Australia’s economy will be among the worst affected by the Paris climate change agreement, enduring slower growth, fewer jobs and a “notable” 6 per cent slump in the exchange rate, according to a new analysis of the global accord.
This is not surprising. Even the dodgy Treasury modelling from 2011 showed a huge impact on the Australian economy. Although IIRC there was no unemployment effect because the modelling assumed full employment – it was the real wage that collapsed.
Warwick McKibbin, an ANU economics professor and one of the report’s authors, said Australia could not avoid economic pain by pulling out of the agreement.
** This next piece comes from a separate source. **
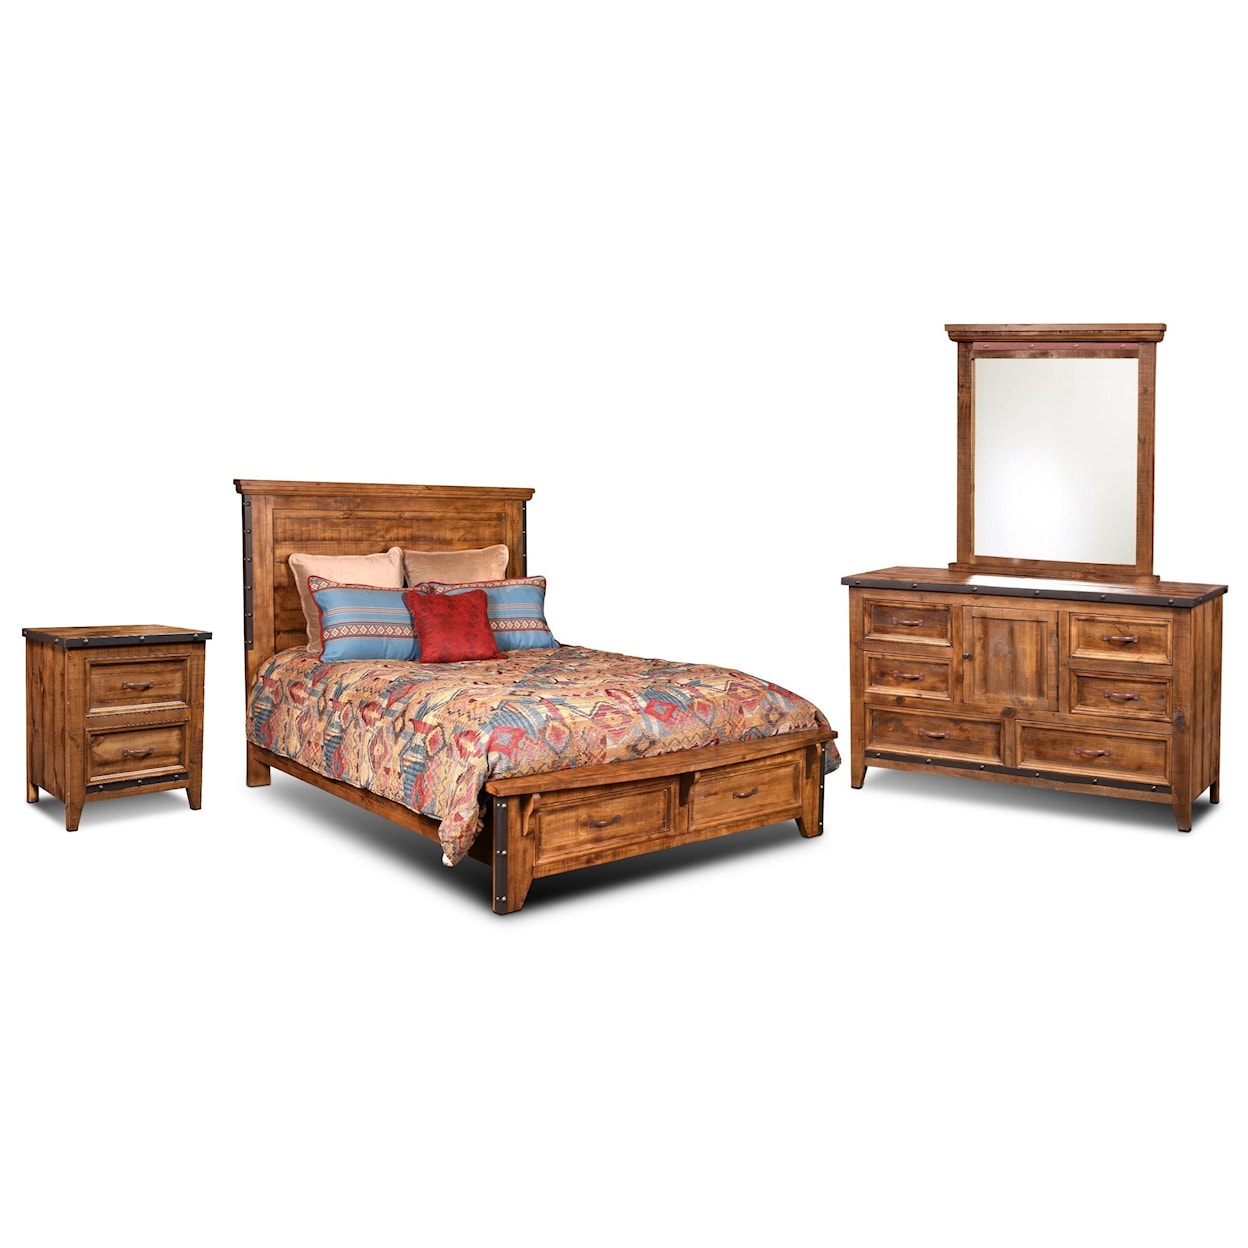 Horizon Home Urban Rustic East King Bed Dresser Mirror and Nightstand

“If we stay in, we’re better off because if we pull out, we’ll still be getting most of the economic damage — other countries won’t be buying our resources so much — but miss out on the benefits of curbing carbon emissions such as less pollution,” Professor McKibbin told The Australian.
“You don’t have to believe in climate change at all to support staying in Paris. That said, if you just cared about jobs or real wages but didn’t care about climate or pollution, you’d stay out.”
The Paris Agreement then imposes very high costs not so much on the Australian economy per se, but on the people whose jobs and wages are dependent on coal and gas exports.
The exceptions to this are the fossil fuel exporting regions of Australia, which suffer a loss of around 2 to 2.5 per cent of GDP, the OPEC club of oil exporting nations, which suffer a loss of 3.25 to 3.5 per cent, and Russia which experiences a loss of 4 per cent to 4.5 per cent of GDP.
So what’s in it for us?
The environmental benefits of Australia cutting its own use of fossil fuel accrue almost entirely at home.
Much less domestic pollution – as if this is a problem in Australia. All those unemployed coal and gas workers will have plenty of time to enjoy the great outdoors.